I still get a powerful sense of anticipation and a little adrenaline spike every time I approach the coast. Some of it comes from my expectation of new photographs and the rest from somewhere more primal.
(click images to enlarge and see full proportions)
Off Season…
In winter, the slips are empty and the vessels become terrestrial beings, sitting impossibly high and precarious on spindly stilts. These dormant shapes, so completely and literally out of their element, huddle together, waiting out the season that is always too long, with a patience well beyond my own. The blinding white shrink wrap transforms a collection of winterized boats into a range of snow capped mountains or an armada of icebergs moving imperceptibly out to sea.
The rest of the marina is a ghost town. The piers and docks stand empty, looking like an abandoned drive-in movie theater with a slate sky for a screen. The vibrant color palette of boats in summer is replaced by shades of grey, the soft southwesterly breezes shoved aside by the Montreal Express.
For those inhabiting the northern latitudes, the year has only two seasons, boating season and waiting-for-boating season. I wonder if boat owners ever stop in to visit their summer friends, seek them out in their winter cocoons, slap them on the hull, and whisper a prayer for the quick return of summer.
(click images to enlarge and see full proportions)
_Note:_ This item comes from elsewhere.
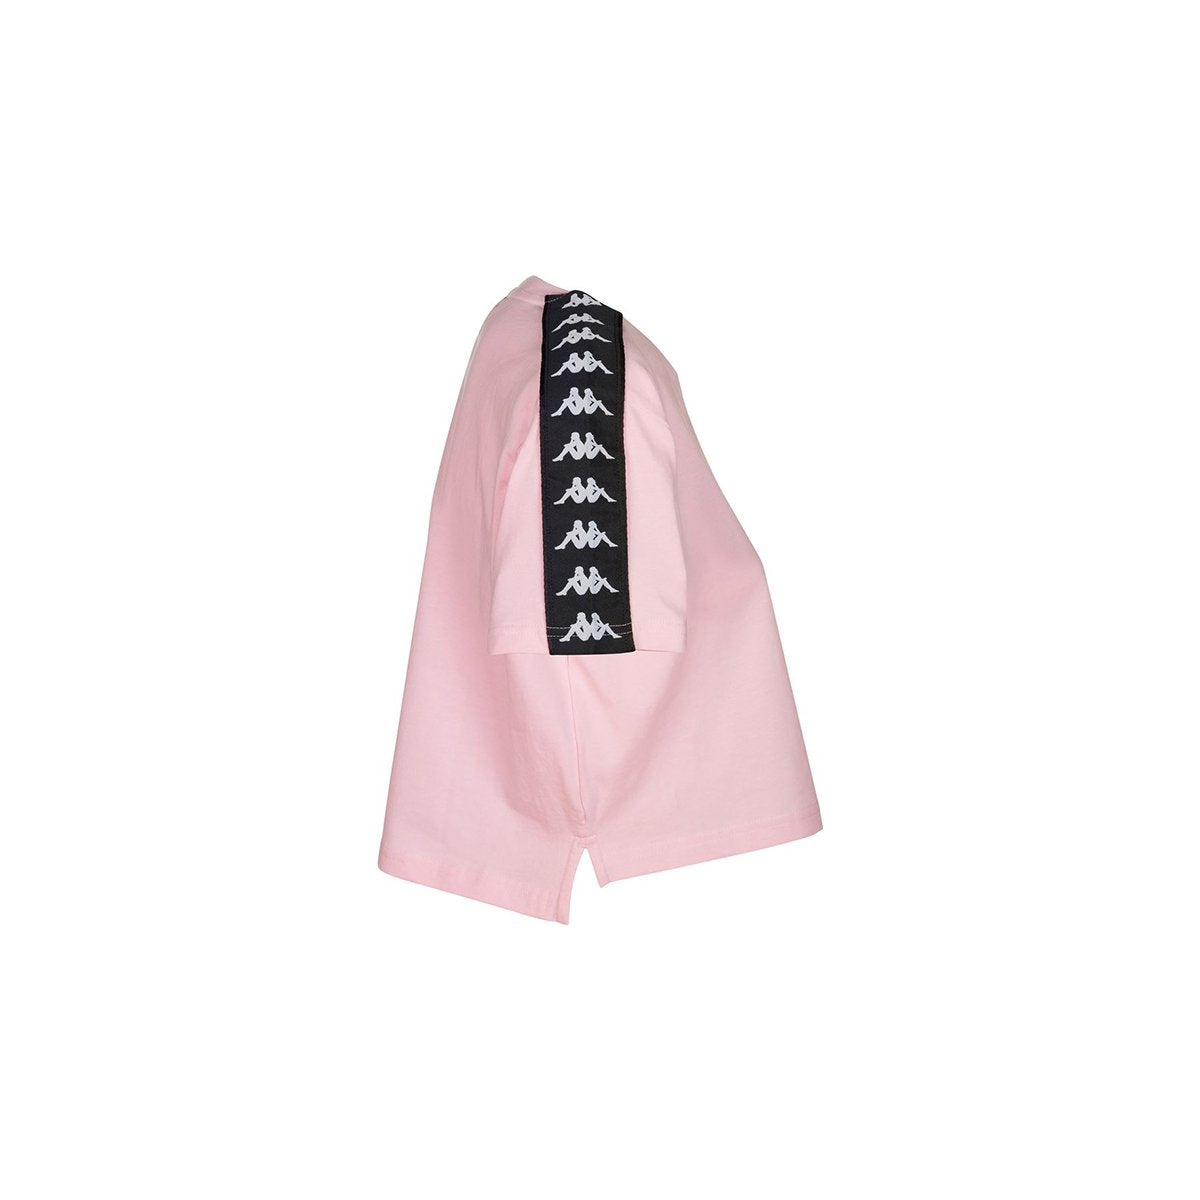 Camiseta Apua mujer rosa - Imagen 2

We are pleased to share additional photographs not included in Mark’s
Rines Gallery show at First Parish Church. Enjoy these selections below.
Wave Study…
Creating these images is pure joy. They’re all taken at my favorite coastal spot on the North Shore, most just after the sun has dropped below the horizon. My approach is entirely reactionary. I have no specific goals or expectations. I play with camera settings at random and often don’t view the images until I’m home. I’ve been at his long enough that I have a pretty good Idea of what I’ll wind up with, but am occasionally, delightfully surprised.
Mill Buildings…
In 2016, I was feeling stalled with my personal work. In an effort to get unstuck, I took part in an Atelier program at The Griffin Museum of Photography in Winchester, MA. One of the weekly “assignments” led me to the old mills in Lawrence. I became fascinated by the bridges and how they connect buildings at odd angles and elevations, seemingly at random. Some of these are taken at Mass MOCA in North Adams, yet another reason to visit that fantastic museum.
Rantoul Cabot…
Downtown Beverly consists of two “main” streets, Rantoul and Cabot. Rantoul St. cuts a straight line alongside the railroad tracks while Cabot St. arcs around to the east. For more than ten years, I’ve been walking these routes from end-to-end, capturing the physical spaces and chronicling how they’ve changed over that time.